Oh Alice, we love you so much. Getting to be home with you everyday has been the biggest blessing, and I love every minute of it. You are a wonderful daughter, and even though this parenting business is getting harder, we love it. It's so much fun (and a little scary) getting to shape you - your values, your personality, what you learn. It's a privilege to be your parents. And we cannot wait for you to know Jesus! He's our core - what holds us together.

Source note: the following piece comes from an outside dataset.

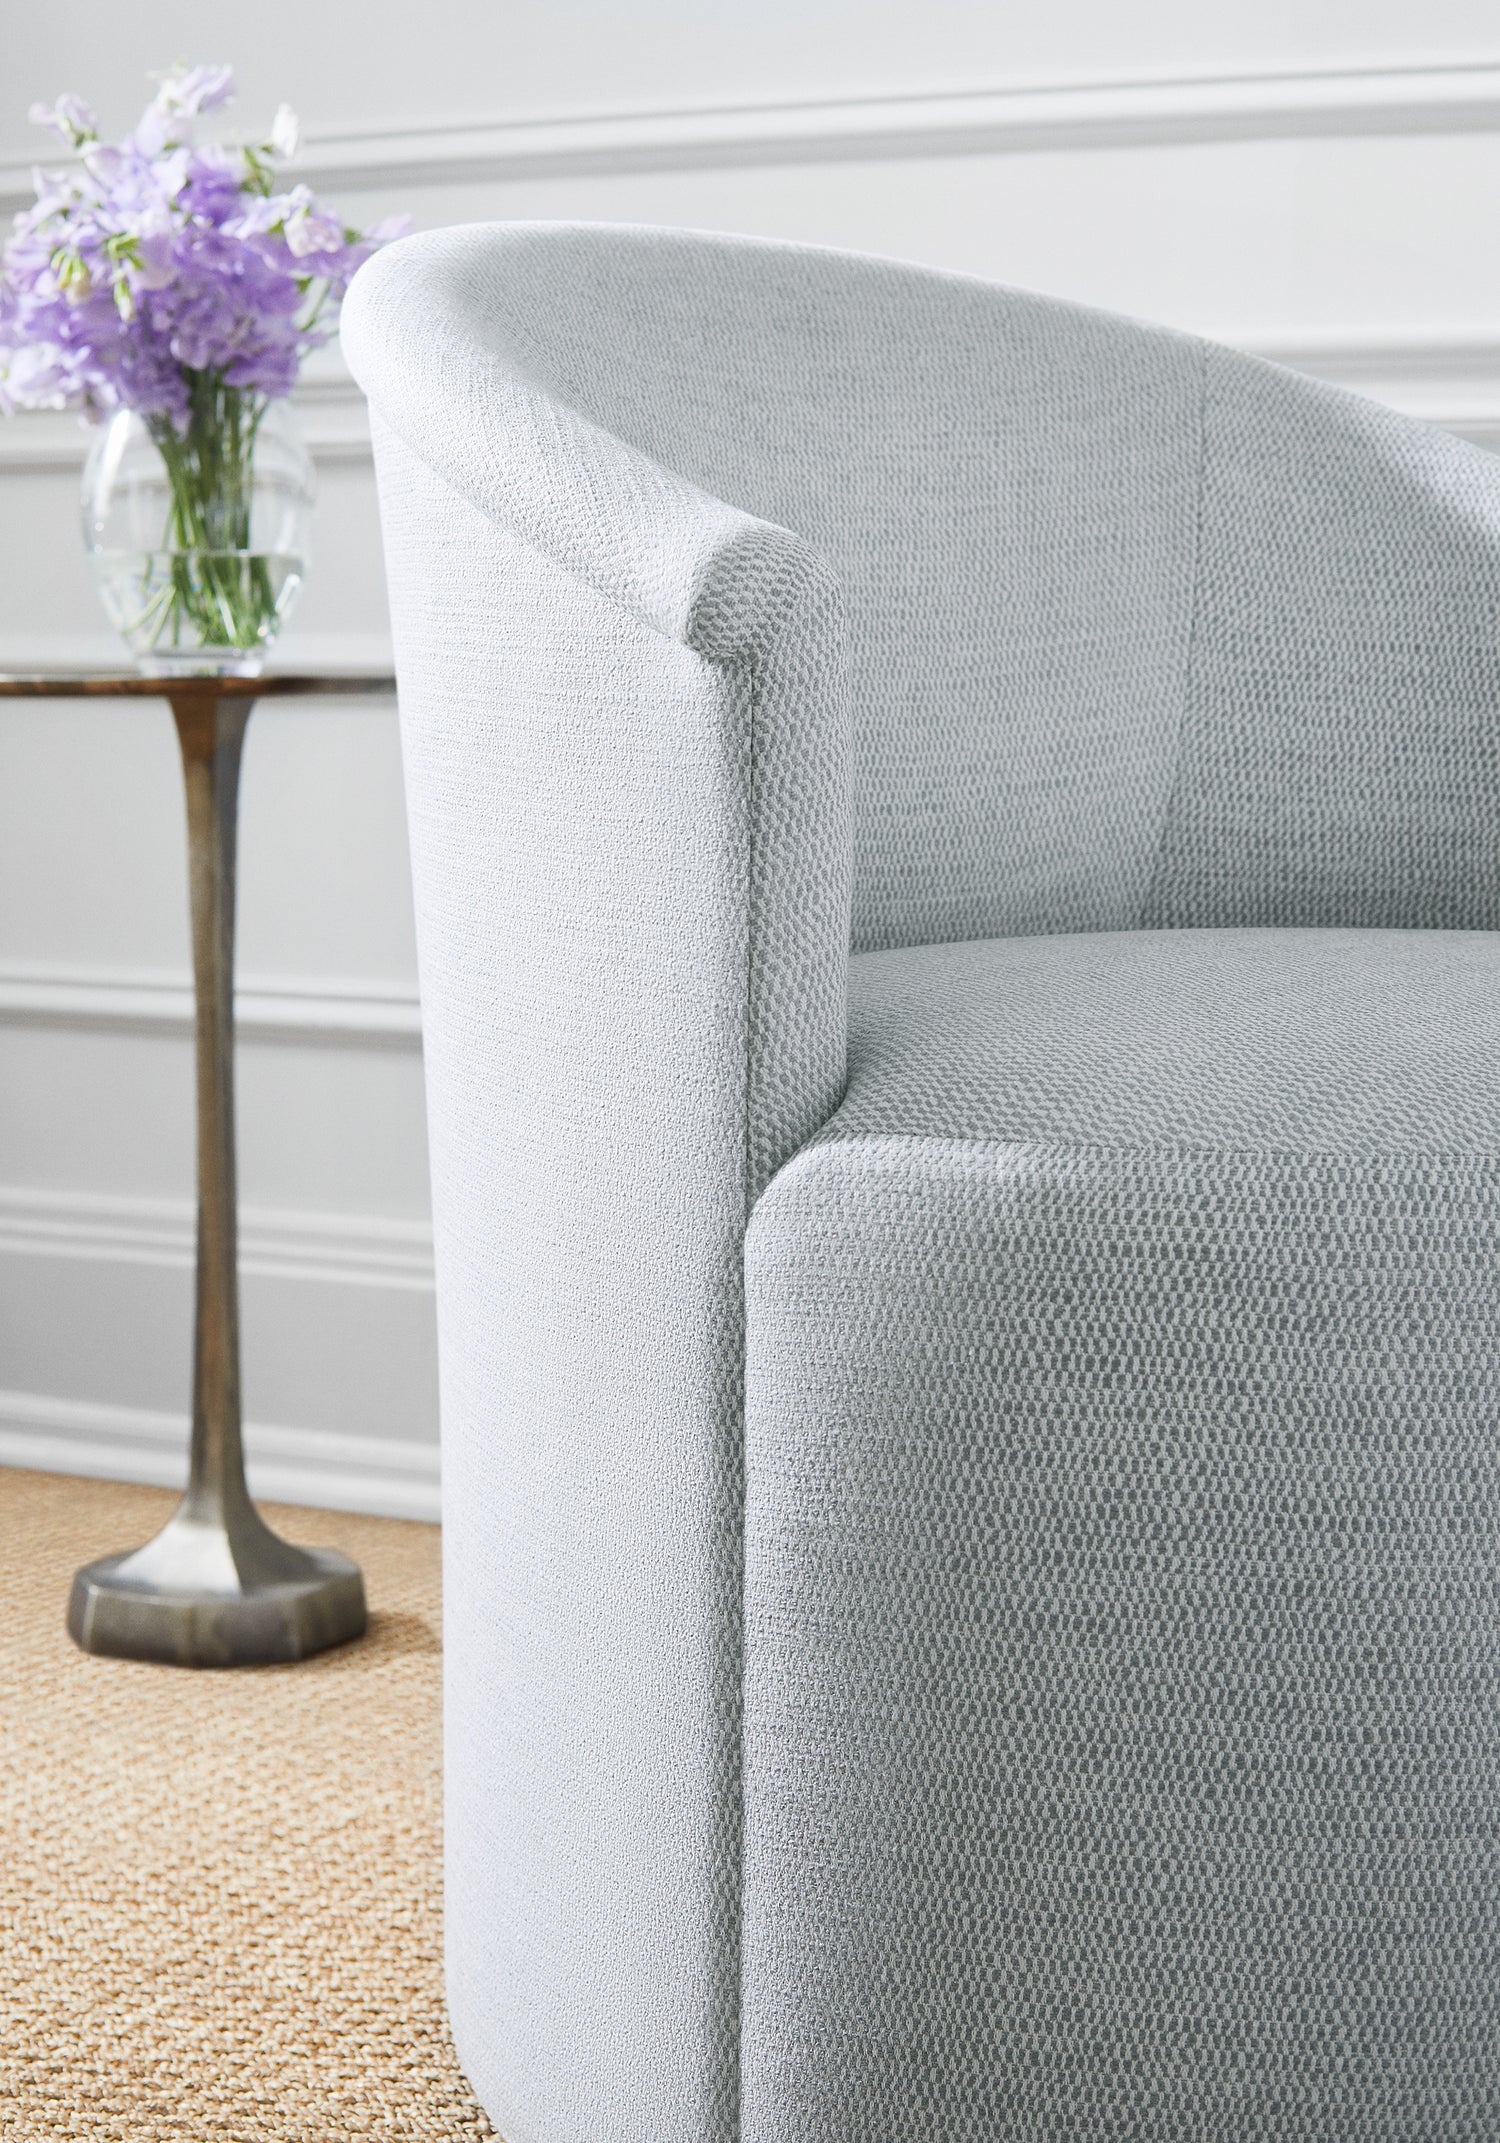 Detailed view of Ashby Chair with Swivel in Rito woven fabric in fog color - pattern number W8116 by Thibaut in the Sereno collection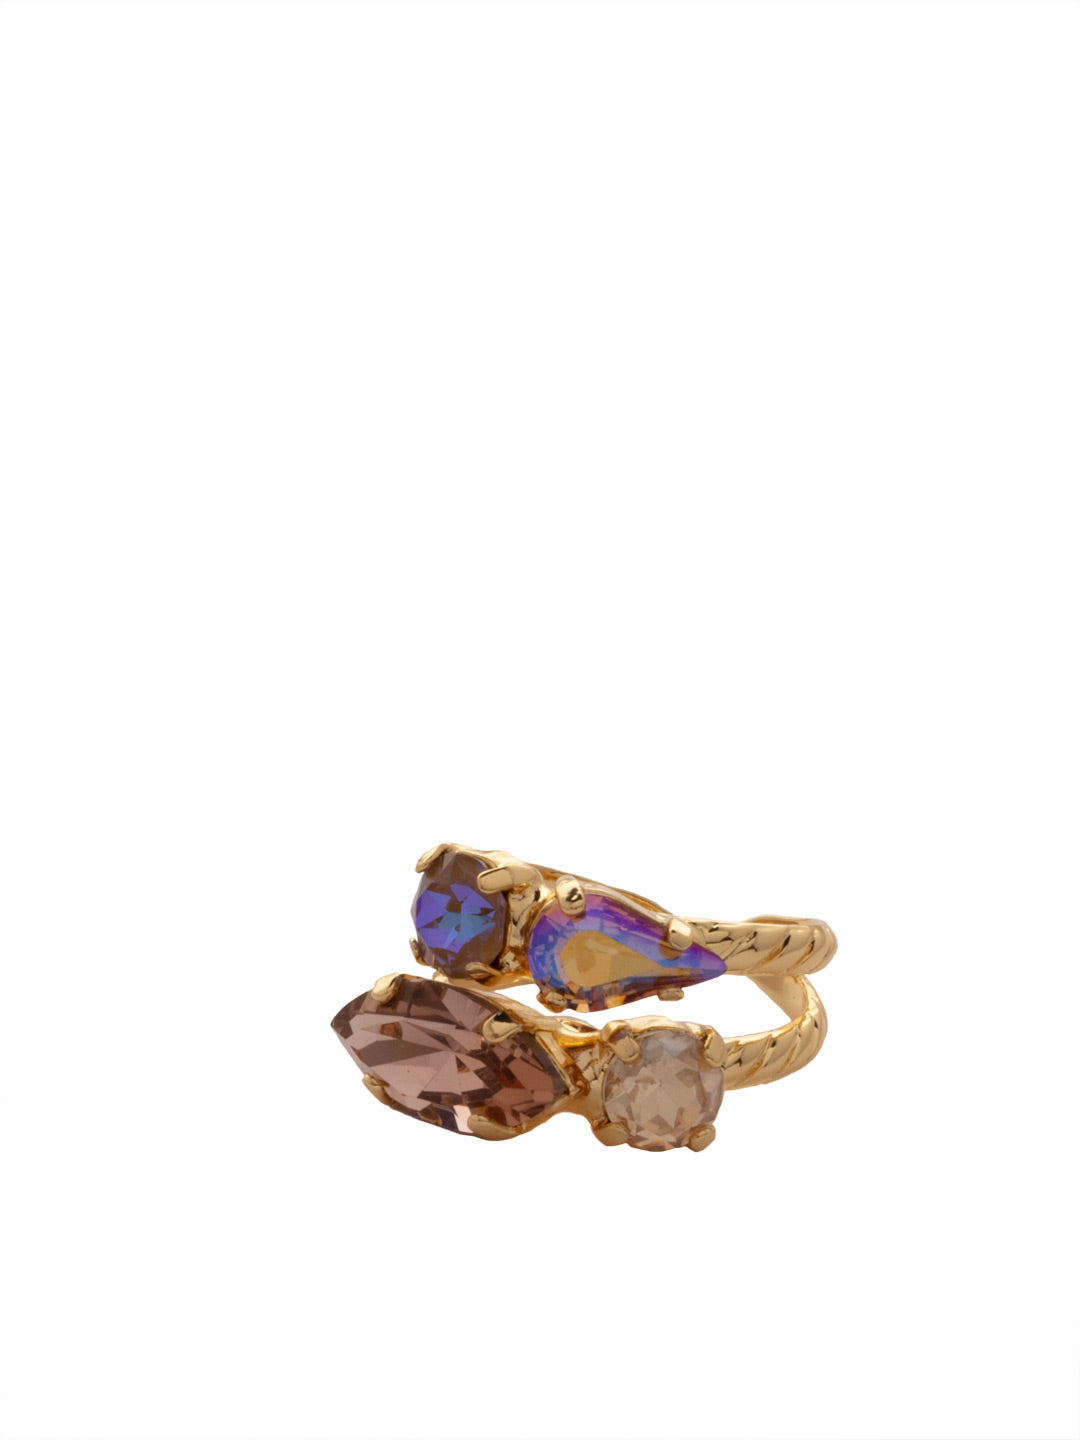 Mayzel Stacked Ring - RET1BGRSU - <p>The Mayzel Stacked Ring goes bold when it comes to sparkle. Slip it on and get flashy with navette, pear and round crystals. From Sorrelli's Raw Sugar collection in our Bright Gold-tone finish.</p>

The other morning at church, we were singing "In Christ Alone." One of the verses is "From life's first cry to final breath, Jesus commands my destiny." It made me think of you - having been there for your first cry and thinking of your (and our) inevitable last breath, and that Jesus is The Author of our lives. He knows when and how they will be, but what a relief that they are safe in His hands. The One who was fully God and fully Man lived a sinless life to be the only sufficient sacrifice to make us right with God. He loved us so much that He died for us so we could be with Him. And then He went and beat death and is now preparing our eternal home. Even if you had been the only one who sinned, He would have done it anyway, because you are worth it. You are worth death and humiliation on the cross. My prayer of all prayers is that you will choose Jesus. That's the other thing - He loves you so much, you get to choose. If you didn't get to choose then it wouldn't be real love. That's where your dad and I come in: we will raise you to want to choose Him - to model for you and show you what a life with Jesus looks like and that you would want it for yourself.
Alice. Alice Sophia. Ali Zoe. Peanut. Wiggle Worm. Grumpus. Alice Bananagrams Hall (your daddy came up with that one). Sunshine. Sweetheart. Ours. We love you. Happy Birthday.